Another set of fossils from the late Early Pleistocene site of Somssich Hill 2 in Hungary were described as similar in size to Felis wenzensis, but were assigned to Felis cf. lunensis due to their younger age.

==Description==
The holotype and only specimen is the front part of a partial left mandibular ramus, with the third and fourth premolars intact, but missing the canine tooth and incisors. Part of the tooth socket of the canine is present, allowing the diastema to be measured. The first and second premolars were entirely absent, and the third and fourth premolars were present and intact.

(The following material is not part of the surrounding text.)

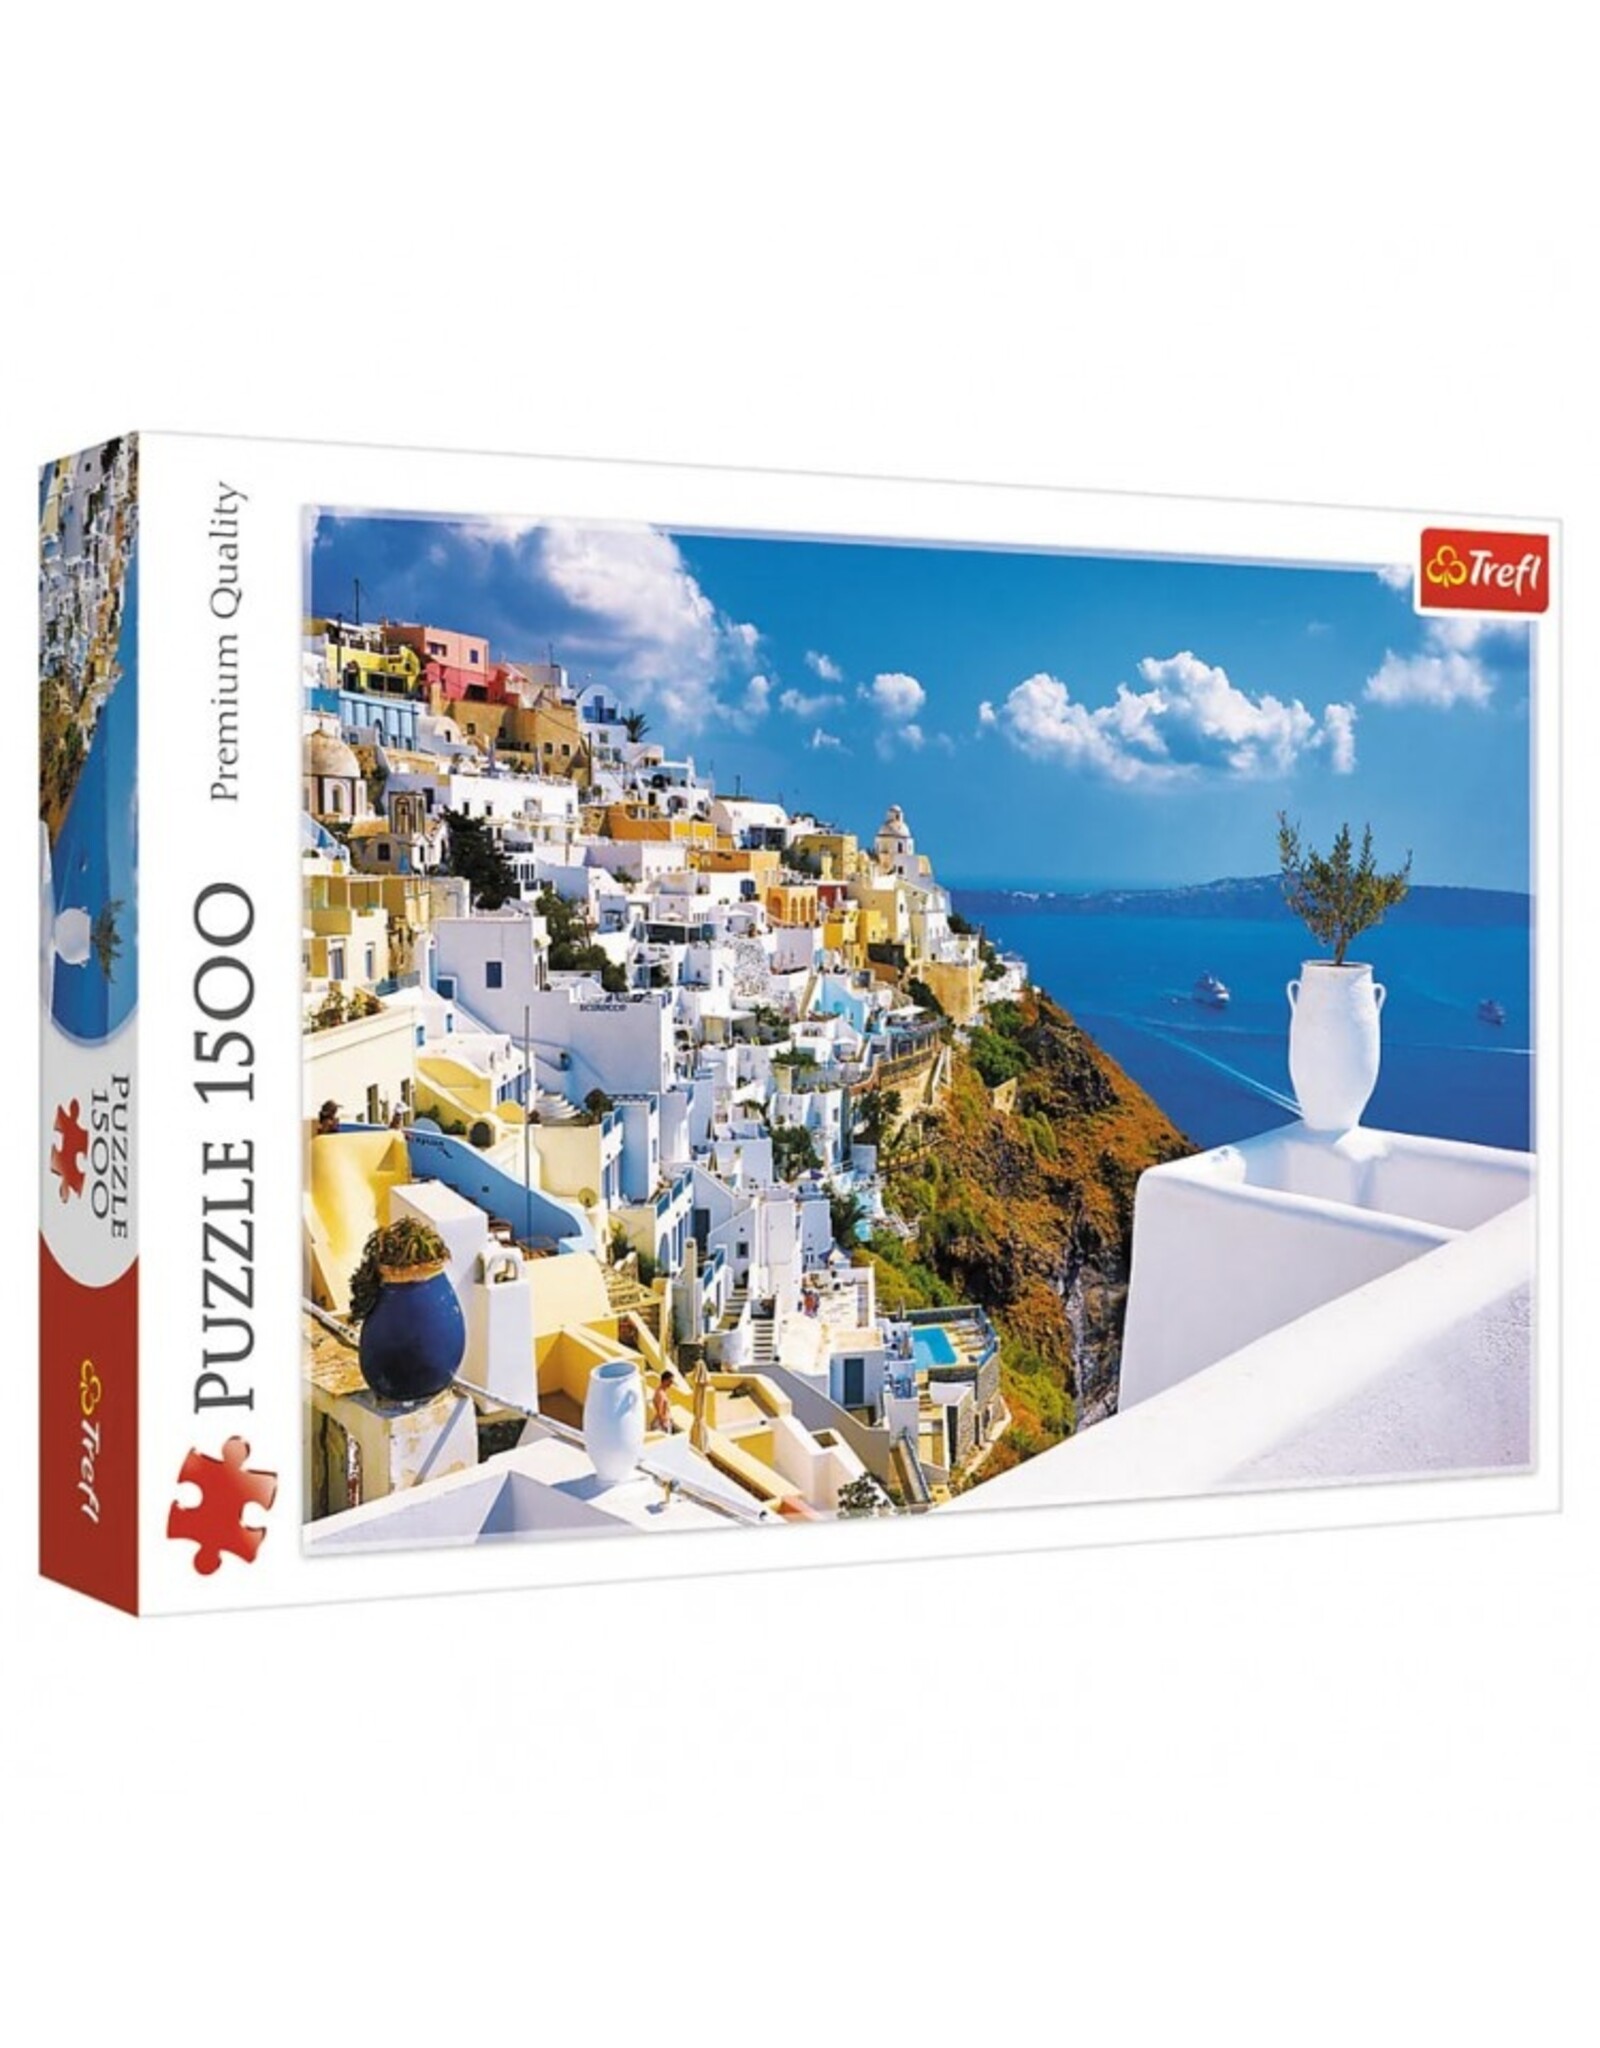 Trefl Puzzle: Santorini, Greece 1500pc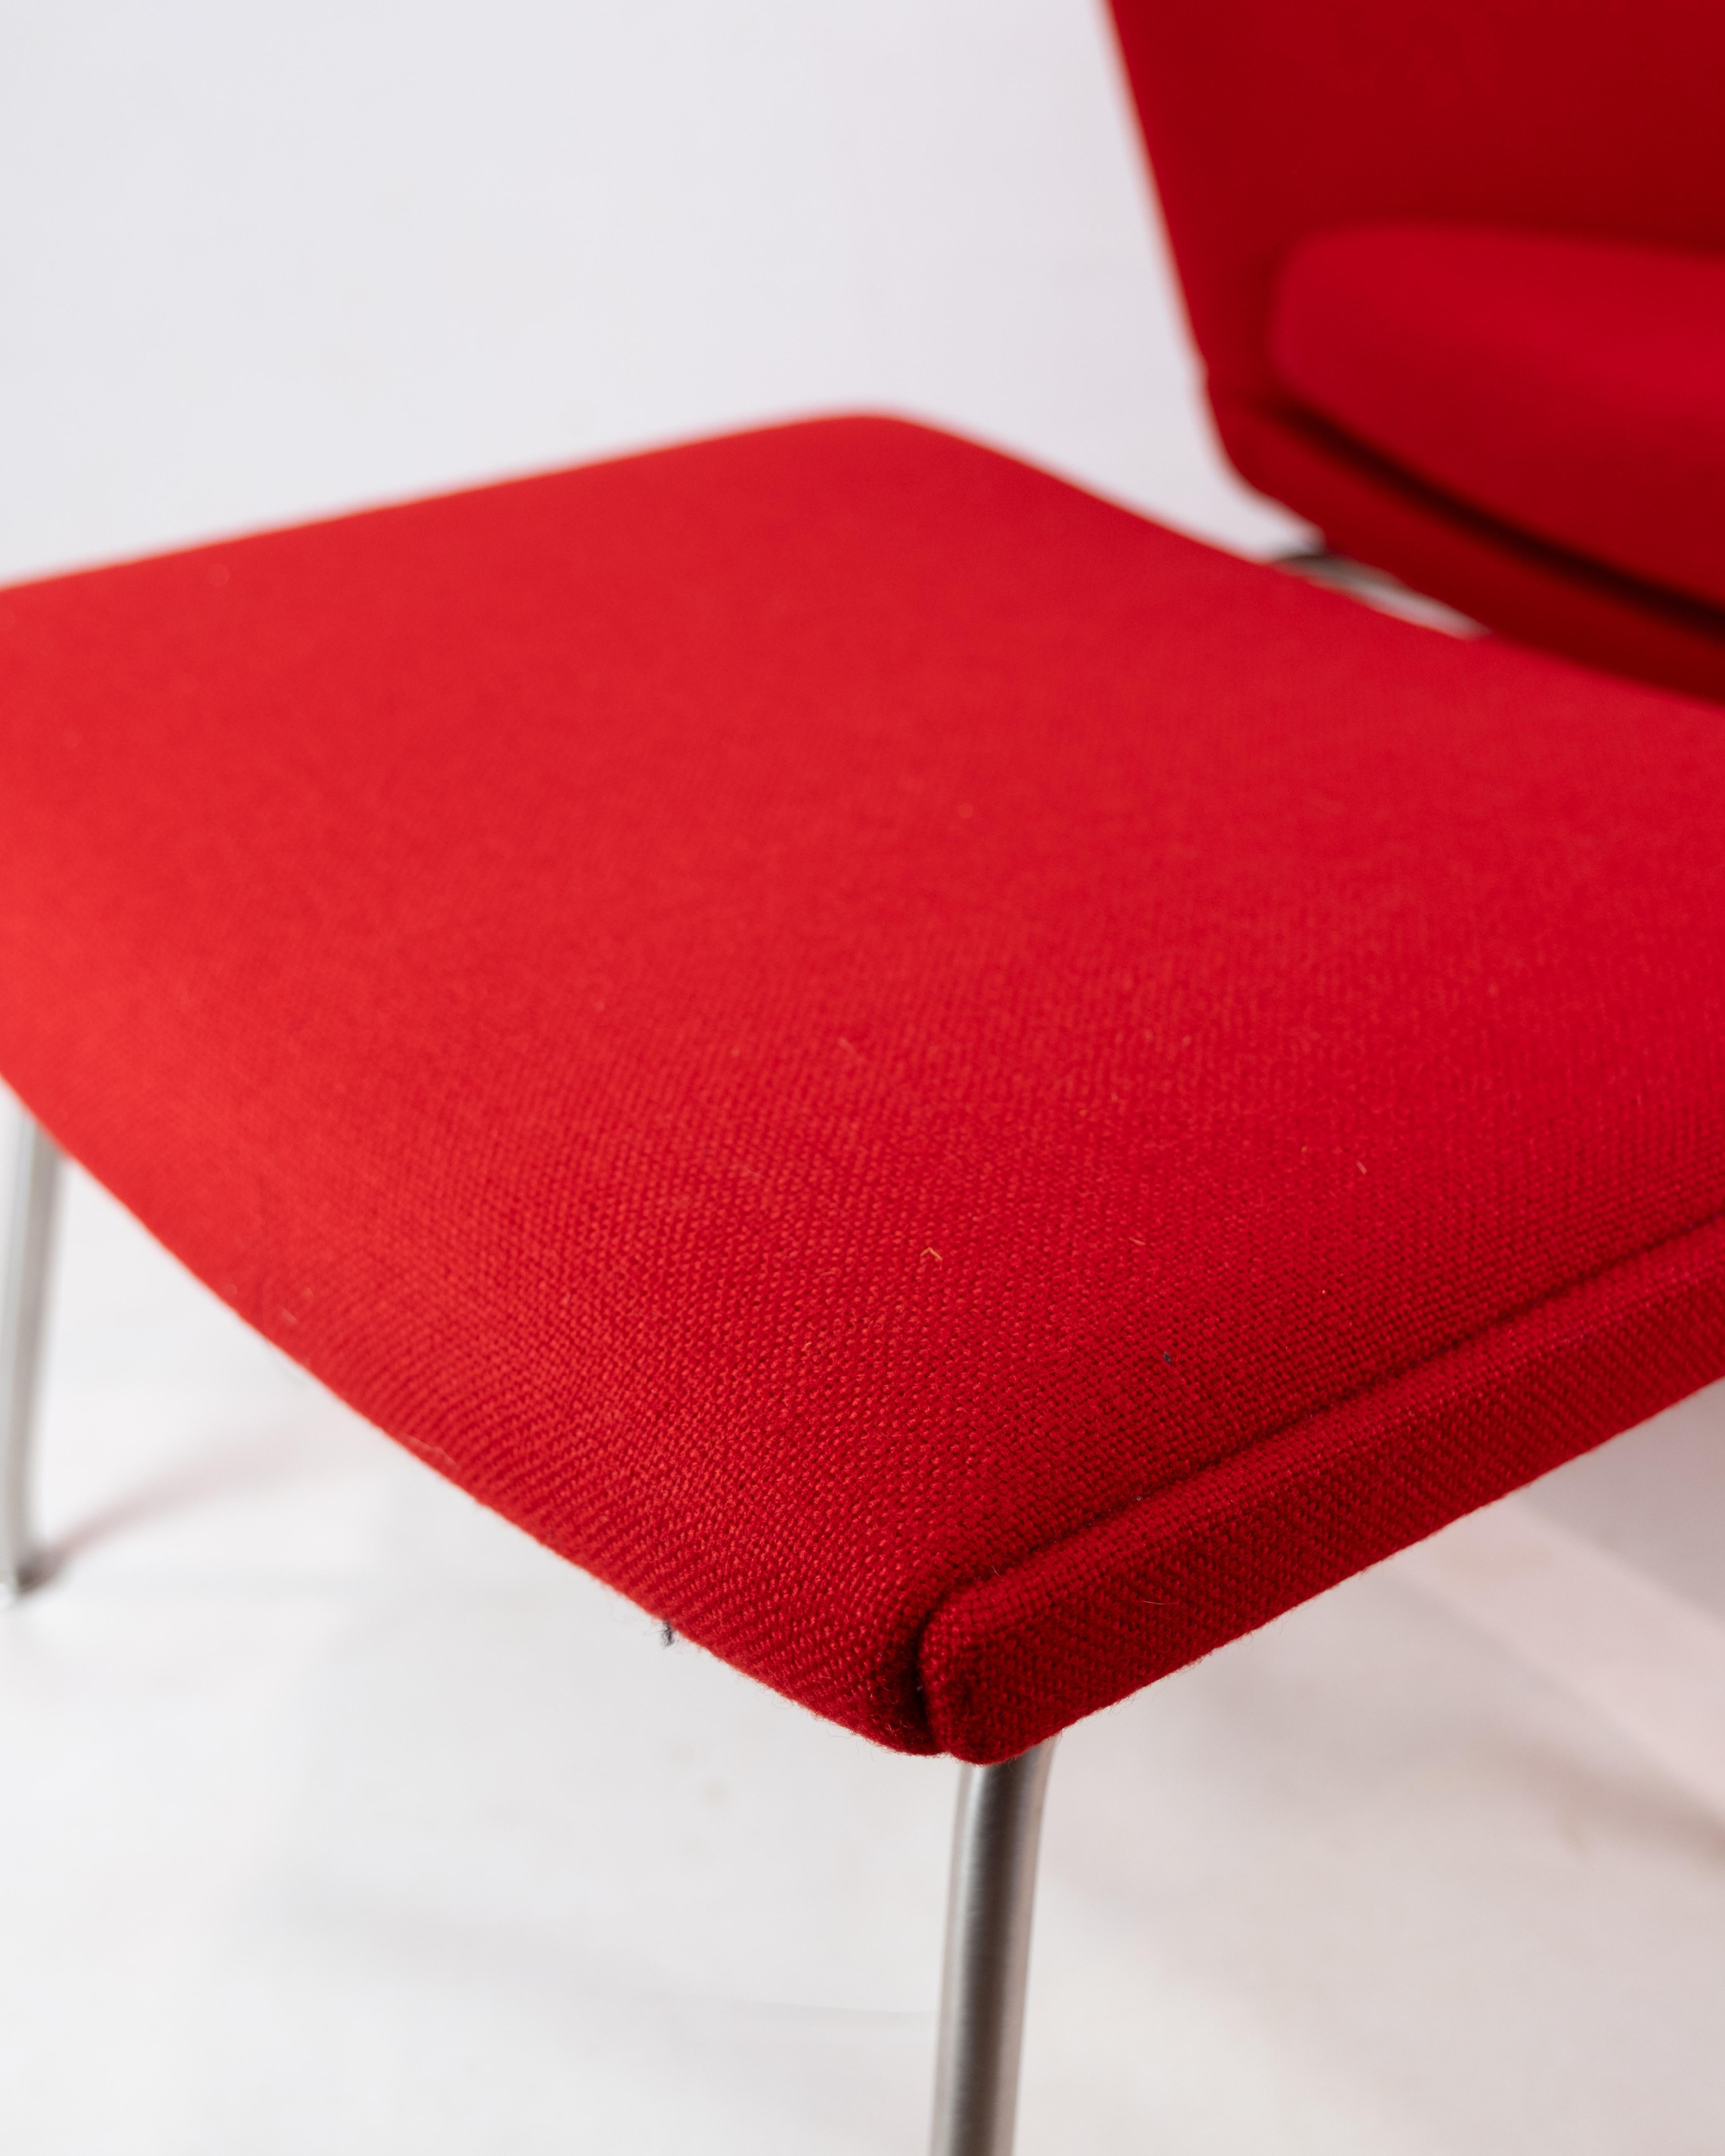 Oculus Chair in Red Hallingdal Fabric Designed By Hans J. Wegner  4

F. wenzensis was similar in size to the modern European wildcat. It is differentiated from that species by its shorter diastema, and from both the contemporary prehistoric feline Felis lunensis (which has a similarly short diastema) and the modern wildcat by its comparatively larger teeth.

==Classification==
Stach considered F. wenzensis a close relative, if not just a northern variety, of Felis lunensis.

==Paleoecology==
The Węże 1 locality is dated to the Pliocene (late Ruscinian, MN 15), some 4.2–3.4 million years ago. The climate at the locality is thought to have been mediterranean – relatively warm and arid – at that time, based on the presence of various reptiles such as turtles. A variety of small mammals are also recorded from the locality, including multiple species of shrews, hedgehogs, desmans, moles, mole-rats, at least five species of rodents, the lagomorph Hypolagus beremendensis, and the porcupine Hystrix primigenia. Larger mammals included the rhinoceros Dicerorhinus megarhinus and the deer Procapreolus wenzensis and Cervus warthae.

Besides Felis wenzensis, five other carnivorans are known from Węże 1: Baranogale helbingi, the bear Agriotherium intermedium, and the mustelids Martes wenzensis, Mustela plioermina, and Mustela pliocaenica. Most of these, including F. wenzensis, are only known from the Węże 1 site.